18.1. The Client's power to dissolve an agreement only applies if Bonaroo, in all cases after a proper and as detailed as possible written notice of default, setting a reasonable term to remedy the shortcoming, fails to fulfill essential obligations under the agreement. If interim termination is agreed upon in writing, the parties will always observe the agreed notice periods and regulations.
18.2. If Bonaroo enters into an agreement with a client, the work already performed, costs incurred by Bonaroo up to that moment, increased by the gross profit Bonaroo would have made upon completion of the agreement if interim termination had not occurred, and costs arising from obligations with subcontractors, producers, and third parties entered into for the Products become immediately payable upon interim termination of the agreement by the Client. When calculating the invoice amount, the work already performed will be invoiced proportionally if not already specified.
18.3. The parties have the right to terminate the agreement with the other party with immediate effect without judicial intervention and without being liable for any compensation if the other party is declared bankrupt, applies for suspension of payment, or is liquidated or terminated other than for the purpose of reconstruction or merger of companies.
19.1. Dutch law applies to all agreements to which the General Terms and Conditions Bonaroo apply. The parties declare that the Vienna Sales Convention (CISG) explicitly does not apply to the aforementioned agreements.
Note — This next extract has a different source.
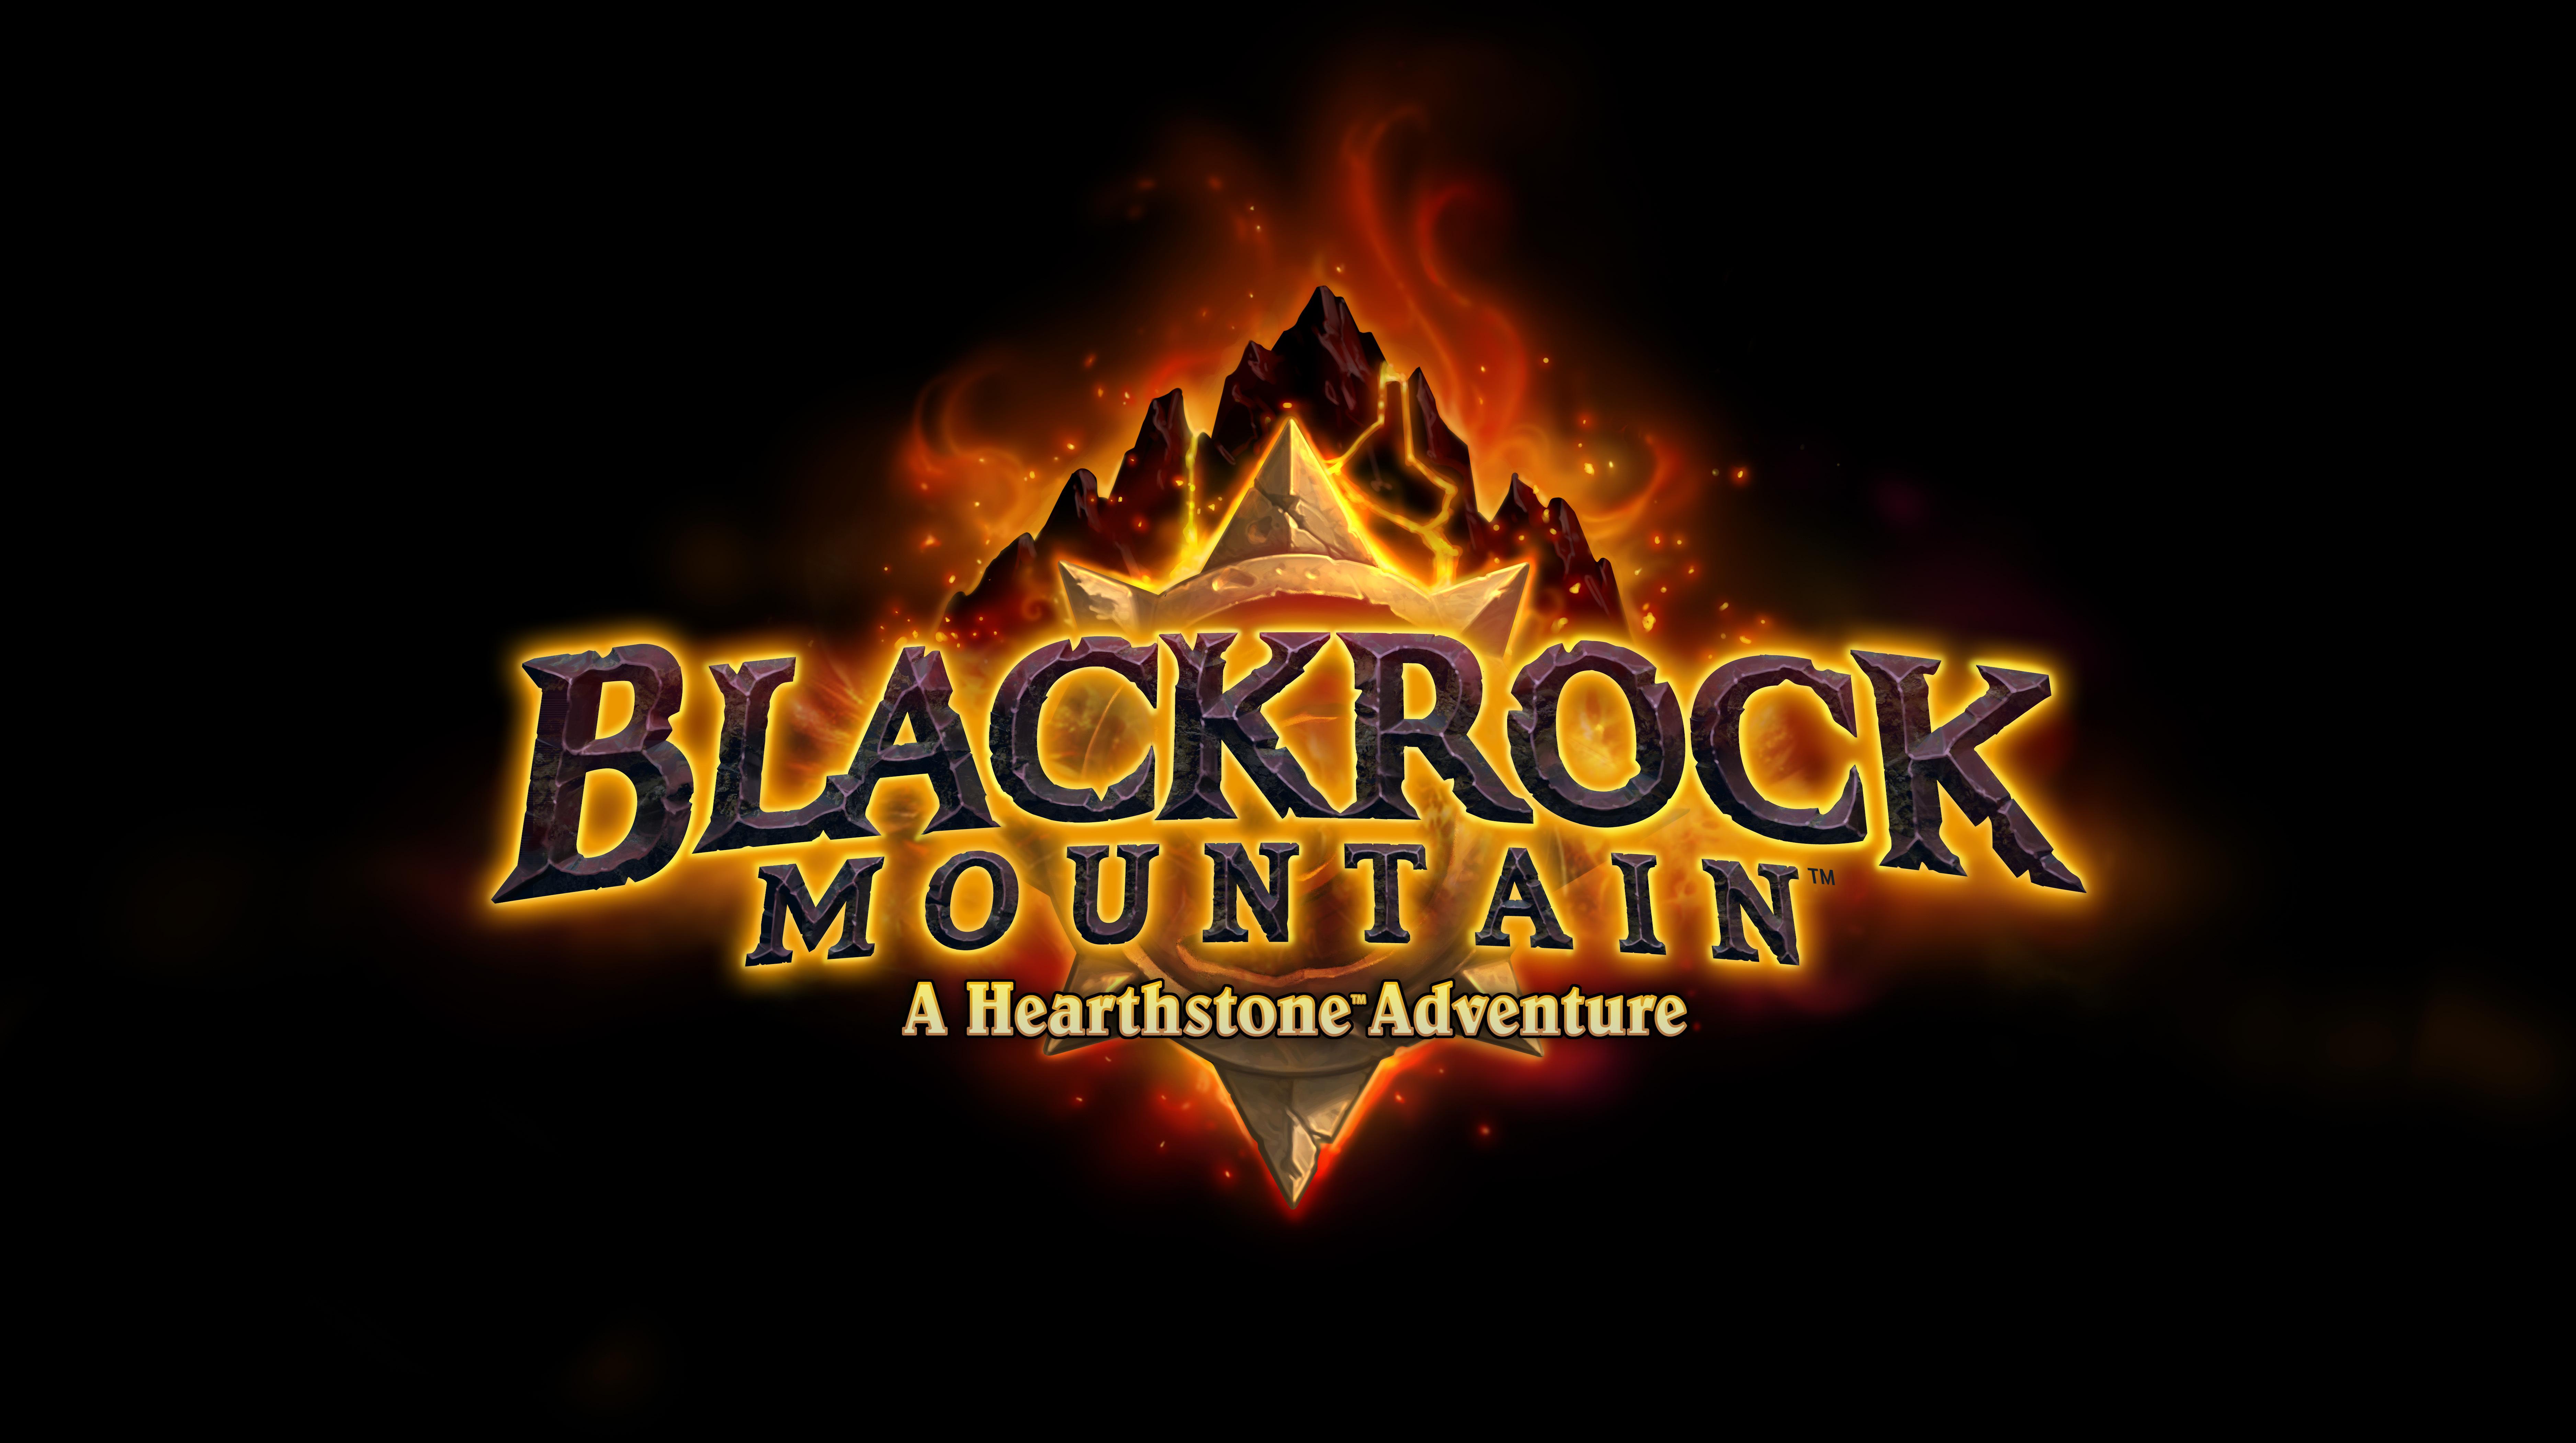 Blackrock, Ireland Tours | Eventbrite

19.2. Unless otherwise prescribed by mandatory law, all disputes arising from the agreement will be submitted to the competent Dutch court.
19.3. Bonaroo has the right to amend these General Terms and Conditions. An amendment will not take effect earlier than fourteen days after notification to the Client. The Client can terminate the agreement against the date on which such an amendment takes effect. Ongoing projects with the Client will be settled proportionally.
19.4. Transfer of rights or an agreement to a third party, including parent, sister, or subsidiary companies, is only allowed after the Client obtains Bonaroo's permission for transfer to that third party. Bonaroo will not withhold this permission unreasonably but may impose further conditions, such as payment of a fee. The Client indemnifies Bonaroo against any claims from third parties who suffer damage related to the transferred usage right on the Product or its use, which would be attributable to Bonaroo.
19.5. Bonaroo strives for adequate follow-up of the notifications and messages received from the Client in its services. To deliver services effectively, the Client ensures an always reachable and sufficiently authorized contact person; he/she plays an important role in management and reporting Malfunctions. Notifications (of Malfunctions) can only be made in the manner indicated by Bonaroo. If a notification is received outside Working Days, it is deemed received on the next Working Day. The time outside Working Days does not count towards the response time. Depending on the nature of the notification, Bonaroo will take action or respond to the contact person.
19.6. The Client grants Bonaroo the right in advance, without the Client's express permission, to transfer agreements or parts thereof to parent, sister, or subsidiary companies; or to a third party in the event of Bonaroo's merger or acquisition. If this occurs, Bonaroo will inform the Client.
19.7. If an article of this agreement is declared inapplicable, the remaining articles will remain effective. The rights and obligations arising from the inapplicable part of the agreement will be determined as much as possible in the same manner as the intended provision in the inapplicable article.